NULL

Putin has overplayed his hand – but is the West bluffing?

Olga Sukhenko, the mayor of of Motyzhyn, a satellite town of Kyiv, was found dead – dumped with her husband and son in a pit grave when the town was liberated by Ukrainian forces five days ago. She had been kidnapped by Putin’s soldiers on 23rd March. Her execution, presumably after torture and threats to the lives of her husband and son, was the price of refusing to betray her community and country by cooperating with those bent on their destruction. She is one of hundreds and thousands of the civilian victims of Putin’s war crimes.

Putin’s war on Ukraine is simply so wrong that it cannot be allowed to succeed in any colourable way. Off-ramps are no longer the issue; defeat for Putin is the only acceptable outcome. Western leaders have no option but to back the Ukrainian army in its fight for the freedom and integrity of their democracy.

Military victory of any kind for Putin will unravel the credibility and cohesion of the free world, plunge it into recrimination, and bring about every risk of a total European war within less than five years. This is the bleak scenario with which we are faced; it is all of our problem now.

Putin’s evil determination to put the Ukraine into a veritable meatgrinder is repugnant. He thinks that he can rain down such destruction on the people, economy and infrastructure of Ukraine that they will in the end opt to come to terms with his demands. That simply cannot be permitted.

The West has to tighten the sanctions screw further and further. The West has to give the Ukrainians every necessary type of military equipment to ensure not merely that they survive but so that Putin’s military and security apparatus concludes that it will fail utterly in following Putin’s commands.

The Russian people are fed lies and propaganda; but they are not to be taken for fools. The West must get the message through to them. They will not win this war and the longer it goes on the more permanent will be the damage that sanctions will do to them. If they want to revert to Soviet-style boundaries for Kremlin power, they will have to live permanently with Soviet style economics and Soviet-style queues.

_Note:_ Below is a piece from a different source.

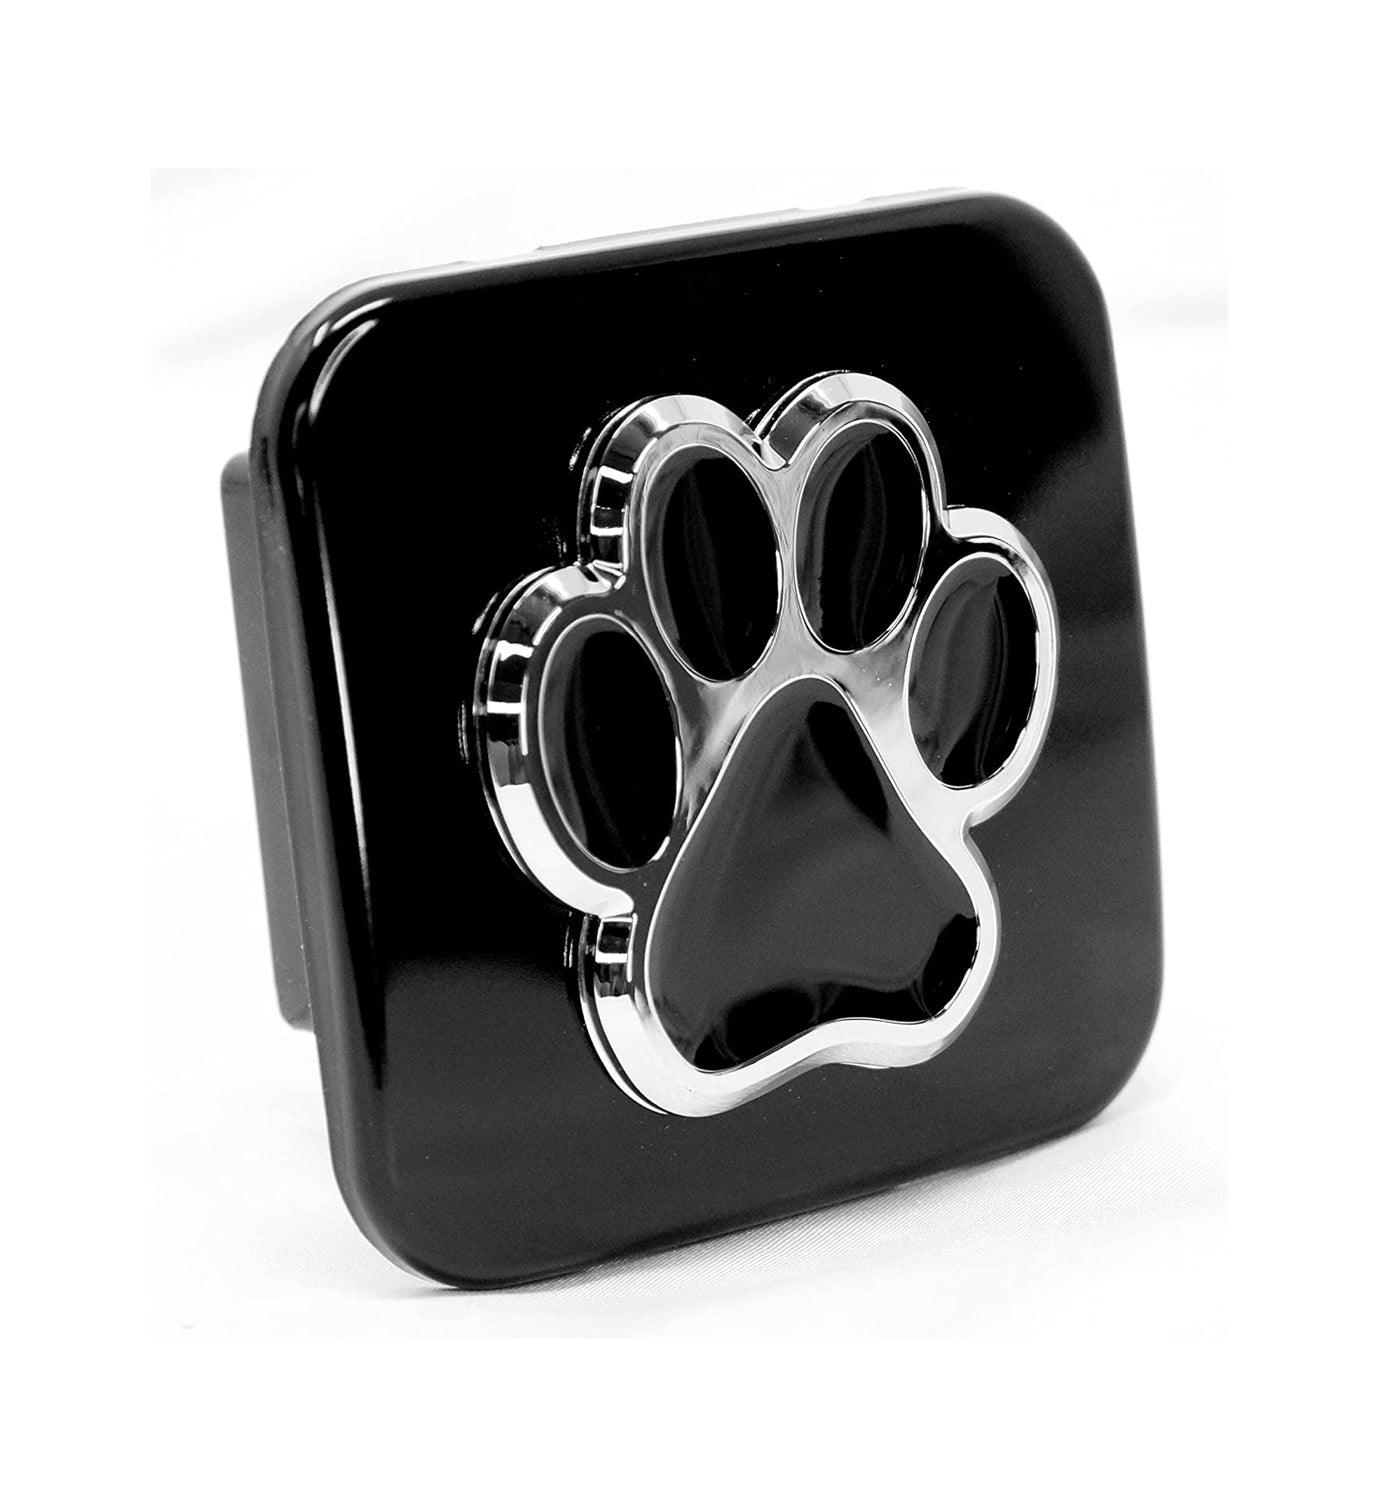 Paw Hitch Cover Plug Insert (Chrome/Black) for 1.25" and 2" Hitch Receivers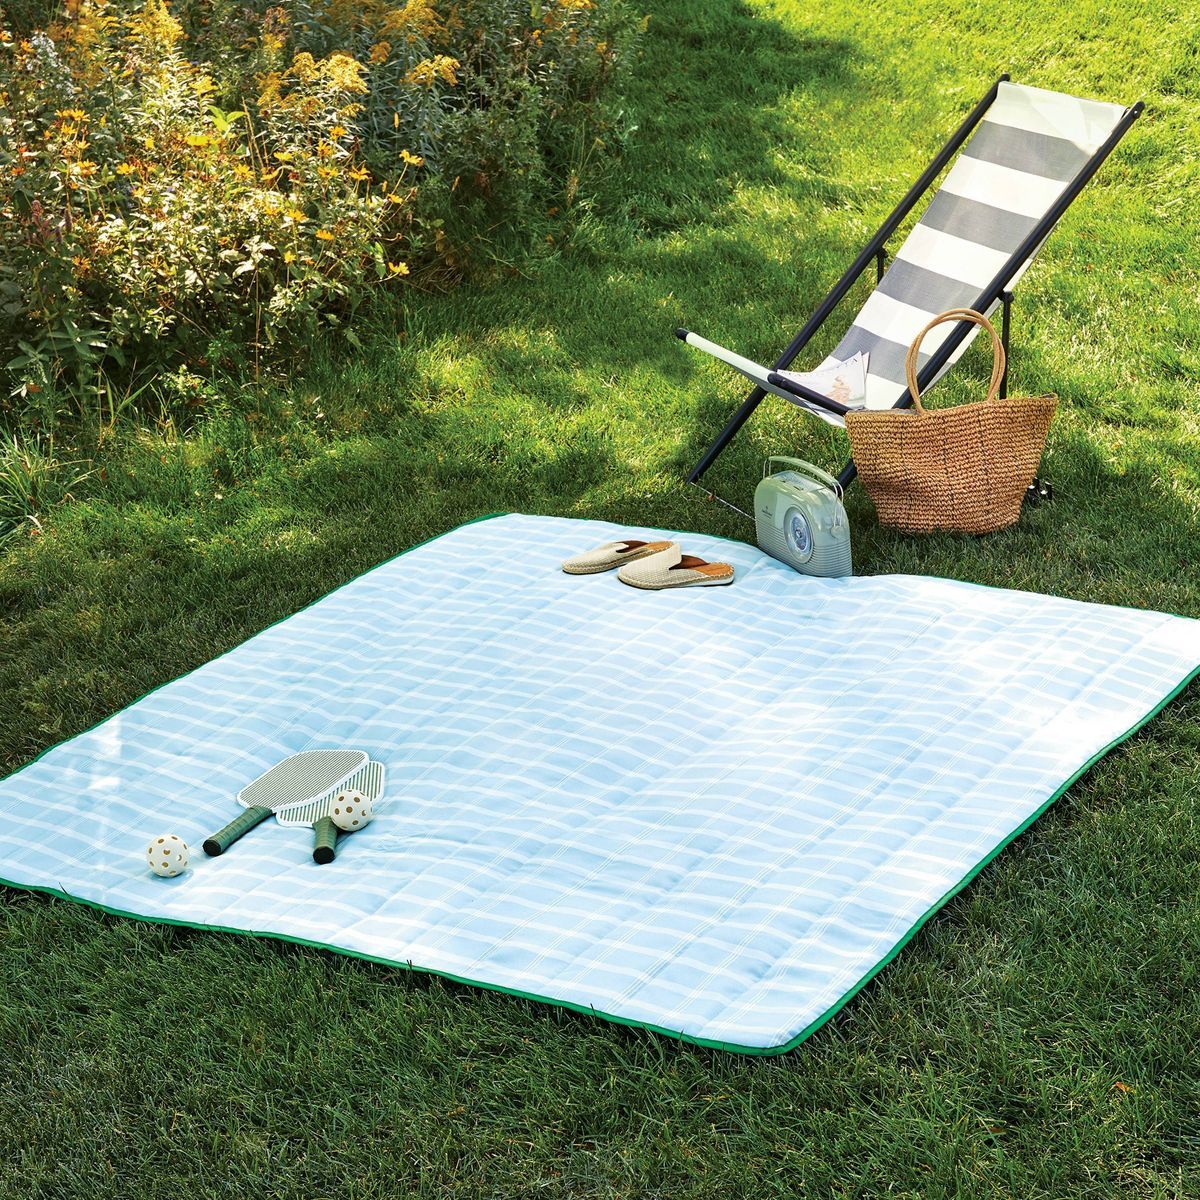 72"x72" Checkered Plaid Picnic Blanket Cream/Light Blue/Green - Hearth & Hand™ with Magnolia | Target

If the European states have to suffer an energy cut-off, that is a price worth paying to stop Putin’s plan to subjugate their eastern flank and threaten their freedom.

If Putin’s government does not sustain a defeat, the Moscow-Beijing totalitarian alliance will unleash wars in pursuit of a joint aim to become the dominant force on this planet. If, on the other hand, Putin is beaten, Beijing will have to recalibrate its aims. The West has to demonstrate to Beijing that in backing Putin, it is backing a loser. Sadly, the West’s choice is as stark as that.

What is the alternative? Allow Putin to grab part of Ukraine? Allow him to hold out the example of Ukraine to Baltic and Caucasus states? Allow him to subvert and manipulate emerging democracies in the Balkans? Allow western Europe to become a hostage to Putin by reopening gas pipelines? Allow him to impose huge damage on Western economies without consequence? Resume normal relations with his kleptocracy? Open Europe again to his cohort of oligarchs? Pretend, as we have done, that we don’t notice Russia’s cyberwarfare on services, including the HSE? Pretend to forget Litvinenko, the Salisbury poisonings, and FSB campaigns of intimidation and blackmail? Resume business as usual, leaving Ukraine a charred wreck – Putin’s charnel house?

These simply aren’t options now. Putin has over-played his hand and has asked to see the West’s cards. Is the West bluffing? In the end, any off-ramps on Putin’s terms are really no more than exits stage-left for the survival of European democracy. It is not a matter of demanding regime-change in Moscow; if Putin is the loser in Ukraine, the Russian people will realise that soon enough. His fate will lie in the hands of his own people then.

There is no alternative but to supply Kyiv with the hardware, intelligence, and logistical support it needs to beat off the Russian bear. Russian ships in the Black Sea launching missiles at Odesa are themselves vulnerable to missiles if the Ukrainians are given them.

Looking at images of destroyed Russian armour, and considering the accounts given by Russian deserters, Putin’s capacity to prosecute or sustain his war in Ukraine is very limited. His generals know him now as a bloodthirsty gambler with no winning streak. They know that a succession of Aleppo and Grozny-like sieges will backfire in Europe where the eyes of the world are watching their every action.

Putin is not immune from consequences; his army and his people must face them.